Likewise, other columns of cell pairs, such as columns 404, 405,
etc., are part of array 400, with the gates of all floating gate
transistors in each row, such as 401, connected to the
corresponding word line, such as 430. Altogether there are n rows
of cells, with n preferably 7, 15, or 31 depending on the NAND cell
implementation as known in the flash memory art. However, unlike
prior art NAND flash memories, each floating gate transistor 414,
416, etc., will be written with three logic states, i.e., Low
threshold, Medium threshold, High threshold. As discussed above,
each NAND flash cell pair 410 can exist in 3.times.3 or nine logic
states to represent two data bits. Since each of the bit lines will
only have three different levels because of the three different
states of the selected floating gate transistor, i.e., high
resistance (off), medium resistance (partial on), low resistance
(on), the complexity of the reading and sensing circuitries can be
greatly reduced, the details of which have already been discussed.
Other elements of the NAND flash memory 400 are known in the flash
art, and thus will not be discussed herein.
[0050] The invention contemplates that split-gate flash memory
cells or dual floating gate flash cells can be incorporated into
the NAND memory just discussed, or other flash memories discussed
herein in either NAND or NOR architectures. These split-gate flash
memory cells and dual floating gate flash cells and the various
address architectures which are used in such flash memories are
well-known in the art and thus will not be discussed in detail
herein. Any other known or future flash architecture can be used.
For example, for circuit design or layout considerations, BLAn,
n+1, n-1, n-2 bit lines, which are in the vertical direction in
FIG. 4, can be combined for each cell pair, or neighboring cells,
or groups of cells vertically. The vertical BLAn, n+1, n-1, n-2
lines can also be combined to run in horizontal direction in the
figure. The BLA lines can also be connected to GROUND directly with
all the pass-gates driven by GSEL2 removed.
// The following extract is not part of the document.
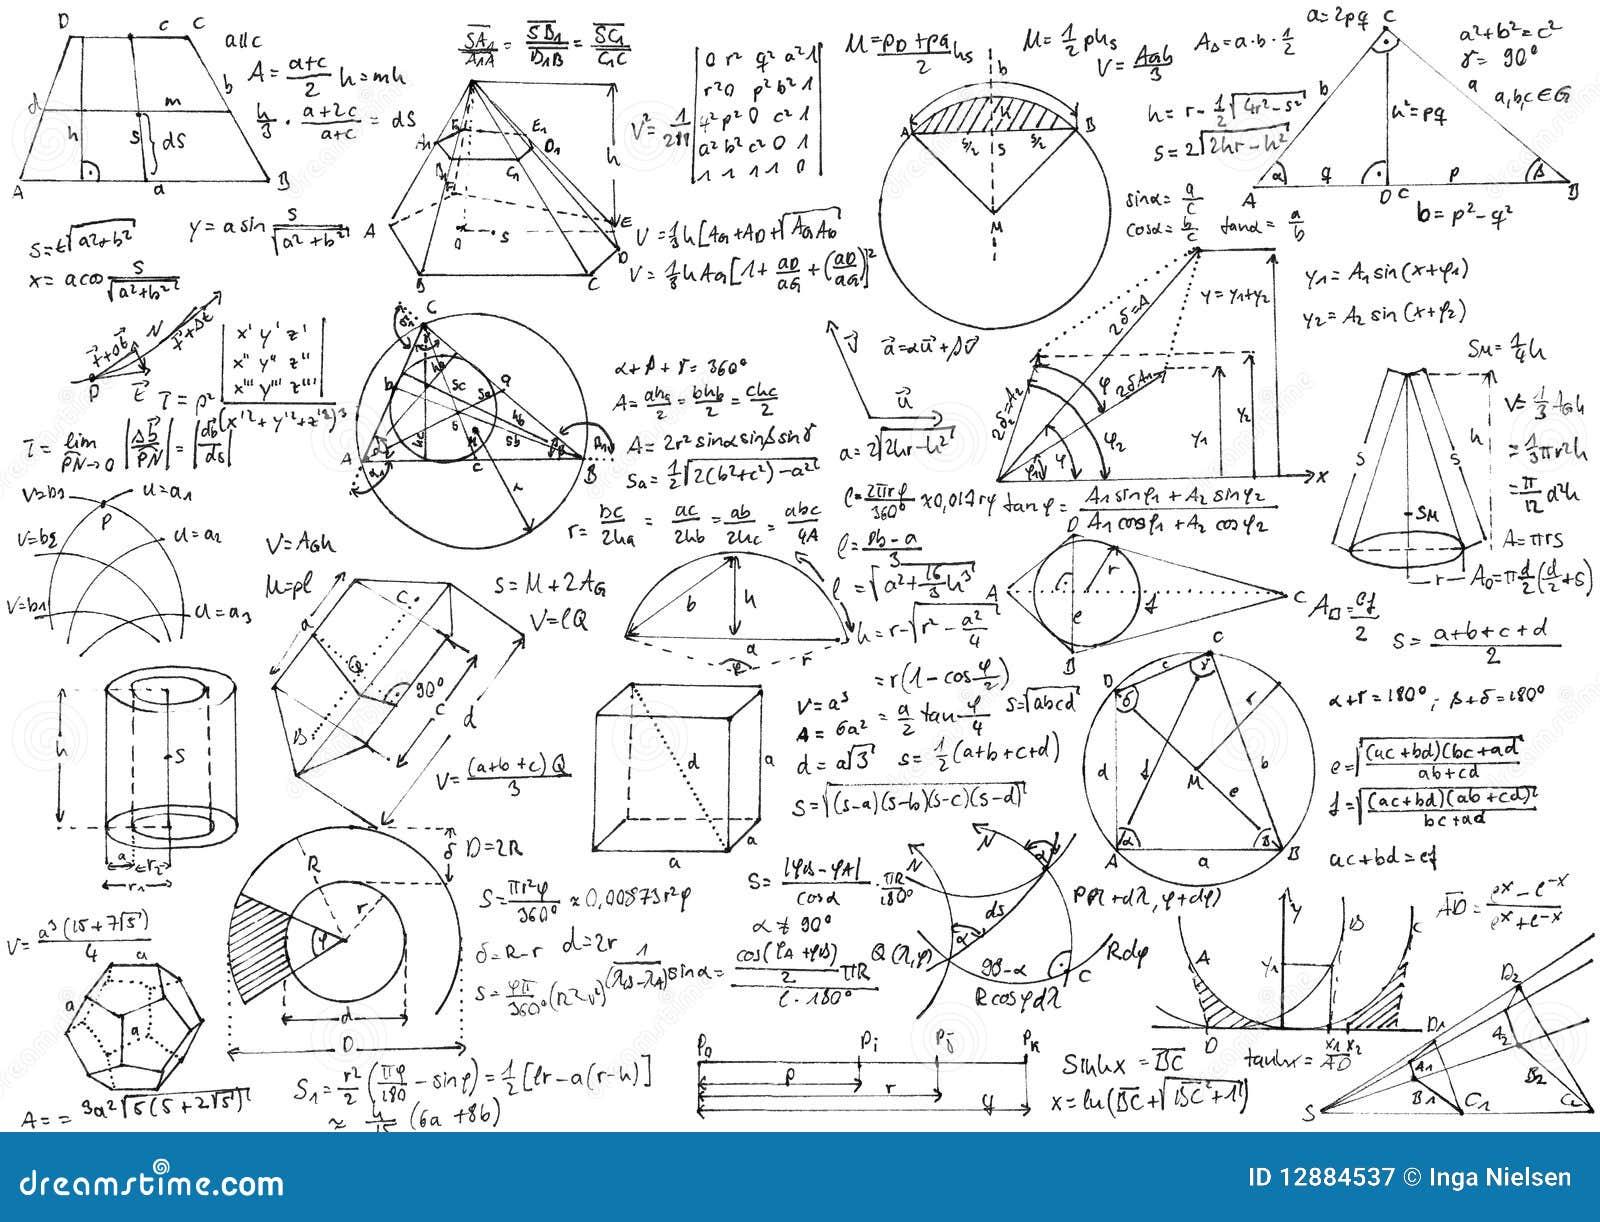 Psu Engineering Design Sketches

[0051] FIG. 5 shows another architectural variation. The memory
core 500 is the same as that of FIG. 4, except the four "A" bit
lines have been replaced with a single horizontal line 504 which
carries a CSL signal. This "CSL" line 504 can also be shared with a
mirrored block of cells as known in the art. Any of the memory
cores described above or below can also be varied for layout
efficiency as known in the art. For example, two TLC NAND flash
cells can be folded so that there are four transistors in one cell
instead of two. The same is applicable to the TLC dual floating
gate NAND flash and the TLC split-gate floating gate NAND flash
memories. Any other prior art folded architecture can be used in
combination with the TLCP strategy.
[0052] An example of an NOR flash memory core array 600 is shown in
FIG. 6. Array 600 comprises columns, such as 602, and rows, such as
604, or floating gate flash cells, such as 610. The source/drains,
such as 611, of the transistors, such as 610, in a row are
connected to the vertical bit lines, such as 616, and the gates,
such as 612, are connected to the word lines, such as 615. A TLC
pair, such as 620 comprises a first TLC cell 622 and a second TLC
cell 624. The bit line 626 at the center of the cell is used as
virtual ground, and the bit lines on the left 628 and right 627 are
shared with the neighboring cells. The sharing of the bit lines
causes higher power dissipation during writing operations, though
this is not a significant disadvantage if the cell is written to
infrequently. The memory core 600 is accessed a cell pair at a time
obtaining three data bits of information.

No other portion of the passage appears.